The lack of political progress is also indicative of the fact that after years of violence, the security benefits that the surge is delivering will not change mindsets in Iraq overnight. Indeed, a recent poll of Iraqis that showed that a majority perceived the surge to have had no impact or a negative one illustrates just how long it could take to create the political environment in which real progress could be made.
Those who contend that the surge is not making progress at a sufficient pace need to consider whether there is an alternative that would yield better results. A gradual drawdown would condemn the Coalition to the same situation that it was in last year: unable to make a real impact on the ground but still a target. A rapid withdrawal would have disastrous consequences on both humanitarian and strategic levels. It would unleash a level of slaughter that would dwarf what we have seen in Iraq to date. Such violence would pull Iraq's neighbours into the conflict, with the Iranians seeking to support their Shiite allies and the House of Saud keen to bolster its domestic legitimacy by protecting fellow Sunnis.

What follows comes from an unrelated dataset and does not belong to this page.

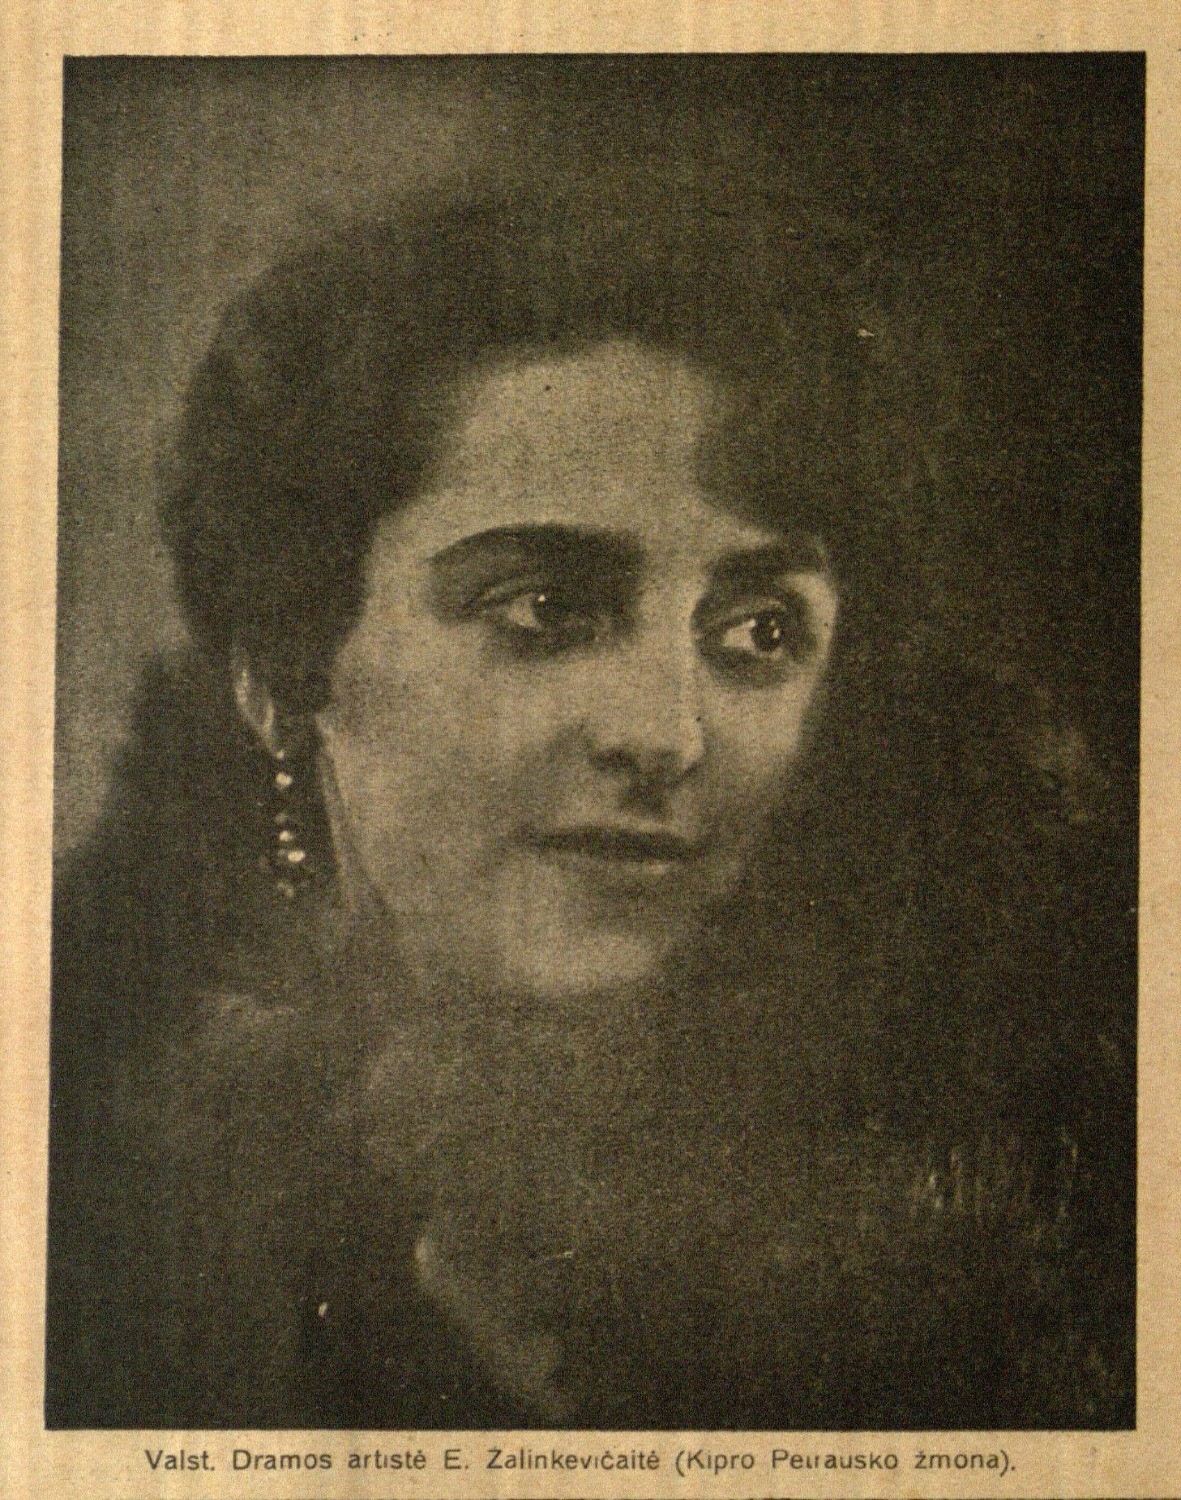 Valst. Dramos artistė E. Žalinkevičaitė (Kipro Petrausko žmona) // Naujas žodis. – 1929, Nr. 3, p. 8.

A rapid withdrawal would also be viewed as a defeat for the United States. Al-Qa'eda in Iraq and the Iranian backed Shiite death squads would both relish being able to claim that they had defeated America. The extremists on both sides of Islam's confessional divide would be emboldened, while liberals and quietists would be more impotent than ever — and the West in far greater danger than before. Success in Iraq will not be easy, but victory in the struggle against Islamism will not be possible without it.
Anyone who says that the British pull-back from Basra proves that disaster need not follow any retreat are jumping to conclusions even faster than those who said that the celebration that followed the fall of Saddam proved that the Iraq project was an instant success. The way that Petraeus and Crocker both initially danced away from questions about the situation in the South spoke volumes about the state of affairs there.
The surge has bought time for the administrations in both Washington and Baghdad. It is time that the leadership in neither capital can afford to squander.